▶ **Dataset extract**
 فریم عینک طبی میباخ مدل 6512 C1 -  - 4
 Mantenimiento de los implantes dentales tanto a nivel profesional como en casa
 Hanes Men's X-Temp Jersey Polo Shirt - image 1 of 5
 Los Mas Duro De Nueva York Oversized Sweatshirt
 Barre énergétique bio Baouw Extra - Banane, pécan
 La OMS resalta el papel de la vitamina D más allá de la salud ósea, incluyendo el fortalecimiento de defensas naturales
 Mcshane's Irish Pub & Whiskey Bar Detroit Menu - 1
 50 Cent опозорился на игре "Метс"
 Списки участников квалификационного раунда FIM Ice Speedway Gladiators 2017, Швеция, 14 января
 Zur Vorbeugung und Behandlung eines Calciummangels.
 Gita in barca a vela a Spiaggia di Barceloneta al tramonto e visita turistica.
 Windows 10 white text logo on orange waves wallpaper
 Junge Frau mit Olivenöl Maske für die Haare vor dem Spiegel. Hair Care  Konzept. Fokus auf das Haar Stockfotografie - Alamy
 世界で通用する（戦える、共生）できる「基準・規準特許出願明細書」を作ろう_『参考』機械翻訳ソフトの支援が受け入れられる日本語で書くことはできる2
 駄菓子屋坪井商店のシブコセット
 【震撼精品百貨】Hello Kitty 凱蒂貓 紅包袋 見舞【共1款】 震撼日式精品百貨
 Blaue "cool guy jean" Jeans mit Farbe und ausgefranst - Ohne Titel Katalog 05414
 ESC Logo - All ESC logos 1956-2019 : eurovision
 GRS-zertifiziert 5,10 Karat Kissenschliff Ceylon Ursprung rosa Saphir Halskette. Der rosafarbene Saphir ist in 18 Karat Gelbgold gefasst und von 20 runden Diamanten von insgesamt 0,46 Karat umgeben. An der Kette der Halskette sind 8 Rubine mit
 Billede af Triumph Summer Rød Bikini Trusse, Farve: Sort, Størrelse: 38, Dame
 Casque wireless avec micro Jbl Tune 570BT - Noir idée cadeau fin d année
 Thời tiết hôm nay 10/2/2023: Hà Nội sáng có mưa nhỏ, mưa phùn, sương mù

▶ **Exercise goal**
Take the entries above and return only the lines from the one with "Mcshane's Irish Pub" to the one with "紅包袋 見舞【共1款】 震撼日式精品百貨", both included, unchanged.

▶ **Task response**
 Mcshane's Irish Pub & Whiskey Bar Detroit Menu - 1
 50 Cent опозорился на игре "Метс"
 Списки участников квалификационного раунда FIM Ice Speedway Gladiators 2017, Швеция, 14 января
 Zur Vorbeugung und Behandlung eines Calciummangels.
 Gita in barca a vela a Spiaggia di Barceloneta al tramonto e visita turistica.
 Windows 10 white text logo on orange waves wallpaper
 Junge Frau mit Olivenöl Maske für die Haare vor dem Spiegel. Hair Care  Konzept. Fokus auf das Haar Stockfotografie - Alamy
 世界で通用する（戦える、共生）できる「基準・規準特許出願明細書」を作ろう_『参考』機械翻訳ソフトの支援が受け入れられる日本語で書くことはできる2
 駄菓子屋坪井商店のシブコセット
 【震撼精品百貨】Hello Kitty 凱蒂貓 紅包袋 見舞【共1款】 震撼日式精品百貨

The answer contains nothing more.